Cluster analysis revealed that the acetylated modified proteins in Cluster3 primarily participate in the protein complex of the inner mitochondrial membrane. Within Cluster3, Mapt exhibited significant positive changes in deacetylation. Through the PPI analysis of acetylated and proteomic proteins (Yang et al., 2022a), we found that there is a protein interaction between SIRT2 and Mapt (Figure 5F). Therefore, we applied WB and PCR to validate the levels of full and acetylated Mapt proteins. The results showed that Mapt mRNA levels did not differ among the three groups (Figure 5G). The acetylation level of Mapt protein in the HI group was significantly upregulated compared to that in the Sham group, and this increase was observed to be inhibited in the Caffeine group (Figures 5H, J, p < 0.01 or p < 0.001).
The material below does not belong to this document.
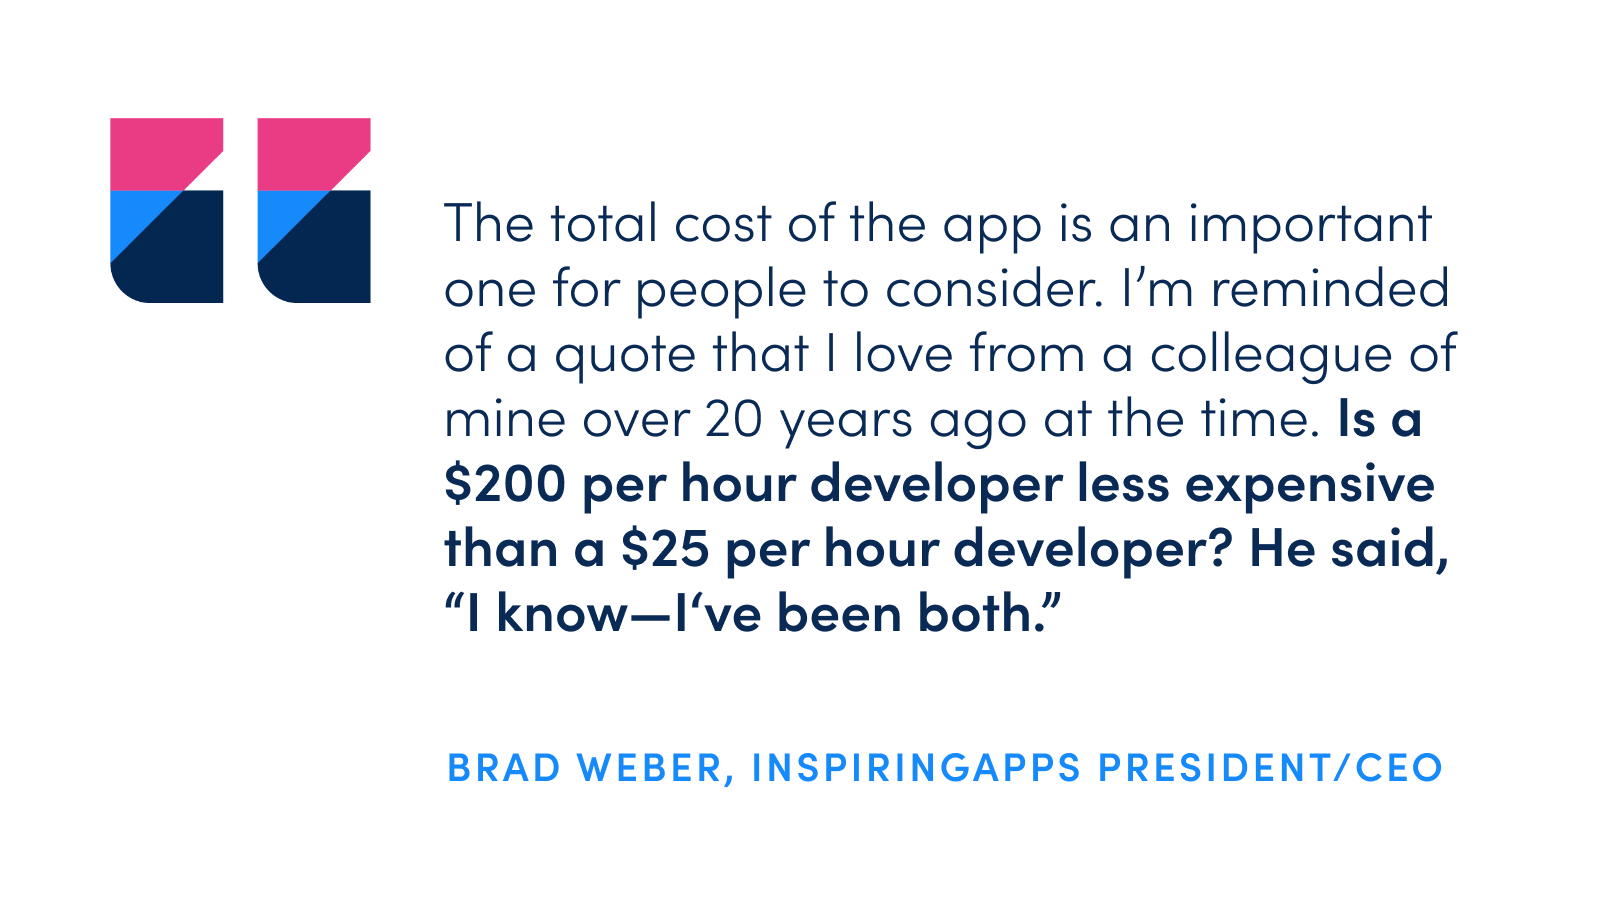 App Development Cost

However, there was no difference in total Mapt protein levels among the three groups (Figures 5H, I). This result is consistent with findings from studies analyzing acetylated proteins using multiphoton spectroscopy, which further verifies the accuracy and feasibility of omics research results.

To further investigate the relationship between Mapt deacetylation, SIRT2, and the prevention and treatment of caffeine in WMD, we conducted experiments on neonatal rats. The rats were treated with caffeine and the SIRT2 inhibitor AK-7 to evaluate changes in Mapt acetylation in WMD, as well as their impact on mitochondrial function. Western blot analysis was performed to measure the levels of total Mapt, acetylated Mapt, Cyt-C, mitochondrial transcription factor A (TFAM), Caspase-3 and Bcl-2 proteins.
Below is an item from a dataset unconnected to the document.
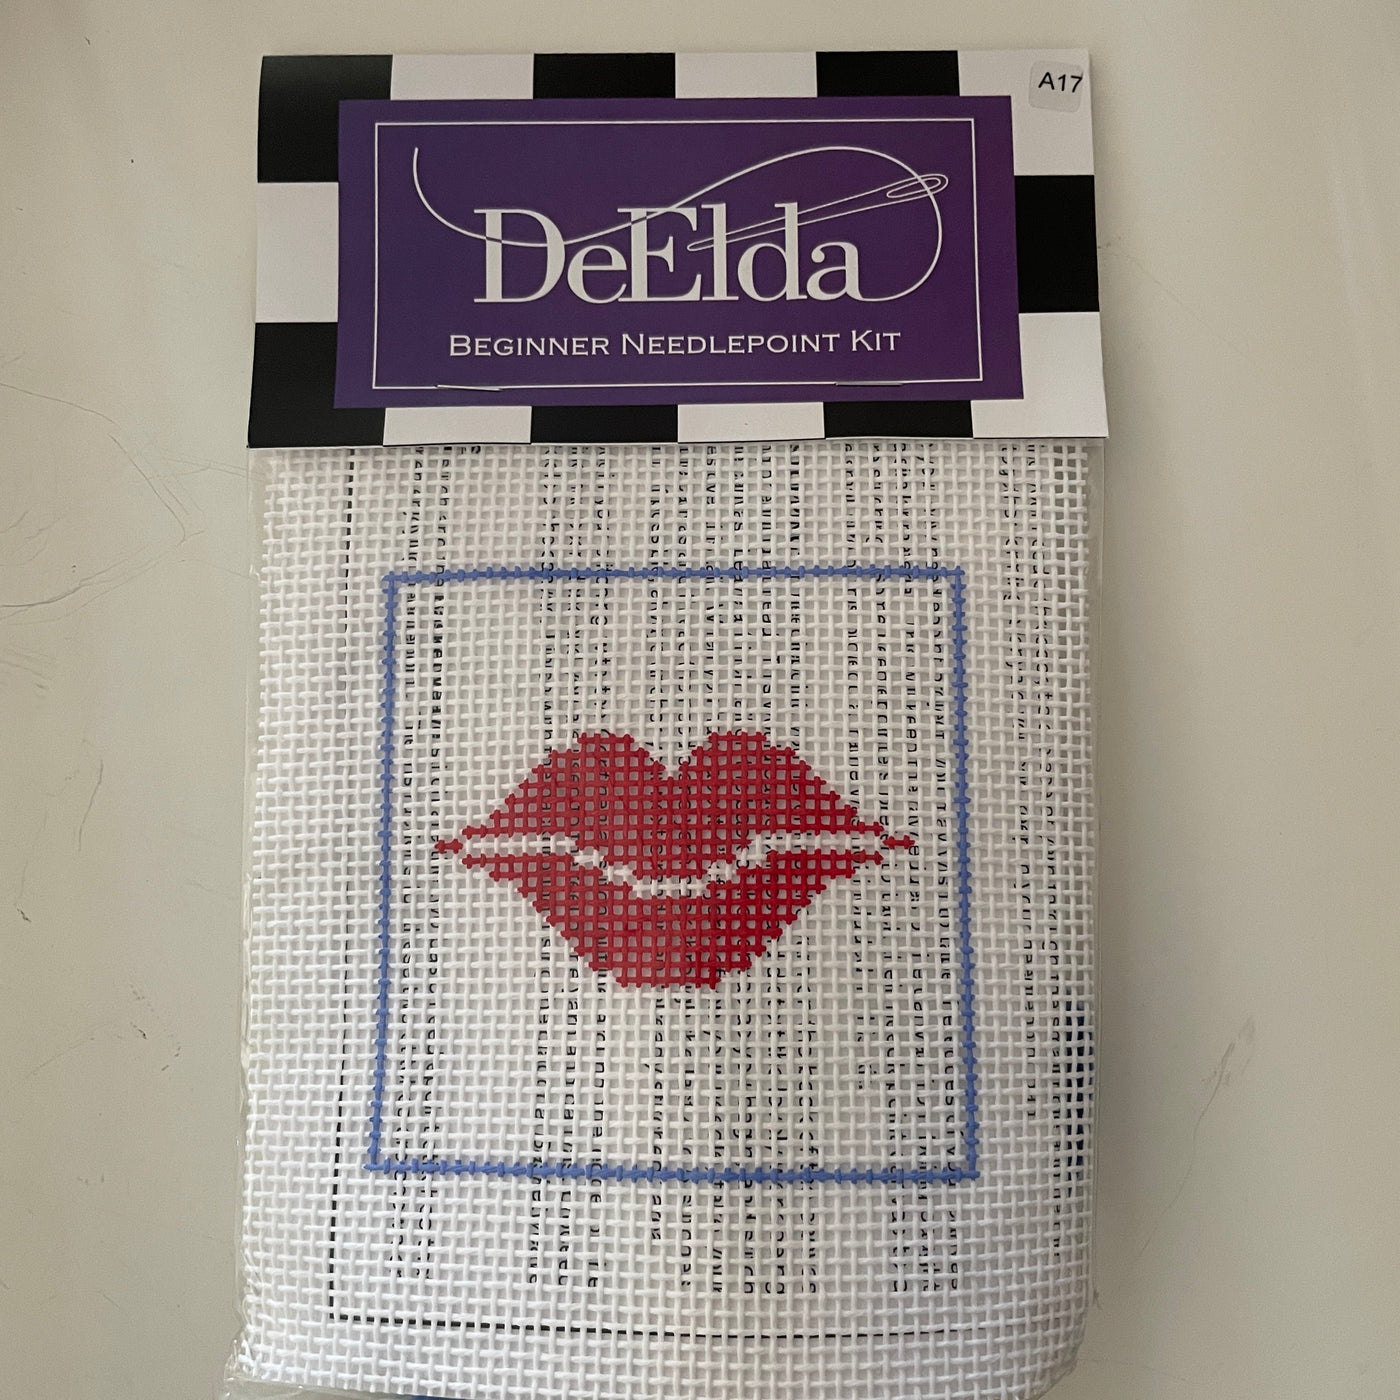 DeElda Lips Kit (includes fiber)

The results revealed that when AK-7 was applied, the levels of Cyt-C and Caspase-3 in the caffeine+AK-7 group were significantly increased compared to those in the caffeine-only group (Figures 6A, C, D, p < 0.05 or p < 0.001). Compared with the Sham group, TFAM and Bcl-2 protein levels were downregulated after HI and upregulated after caffeine treatment, but this improvement was inhibited after the application of AK-7 (Figures 6A, B, E, p < 0.01 or p < 0.05). Moreover, the degree of acetylation of the Mapt protein was also upregulated in the caffeine+AK-7 group (Figures 6F–H, p < 0.05). Meanwhile, compared with the Sham group, Mapt nuclear translocation was reduced after HI. Caffeine treatment can promote nuclear translocation, but this effect is inhibited after the application of AK-7 (Figures 6I, J, p < 0.05 or p < 0.01). Similar findings were observed in terms of rescuing mitochondrial dysfunction. When AK-7 was applied, the caffeine+AK-7 group exhibited a decrease in ATP and mtDNA levels compared to the Caffeine group (Figures 6K, L, p < 0.05). MMP detection revealed a decrease in membrane potential in the Caffeine+AK-7 group compared to the Caffeine group (Figures 6M, N, p < 0.01). The effect of caffeine on improving membrane potential is inhibited by AK-7.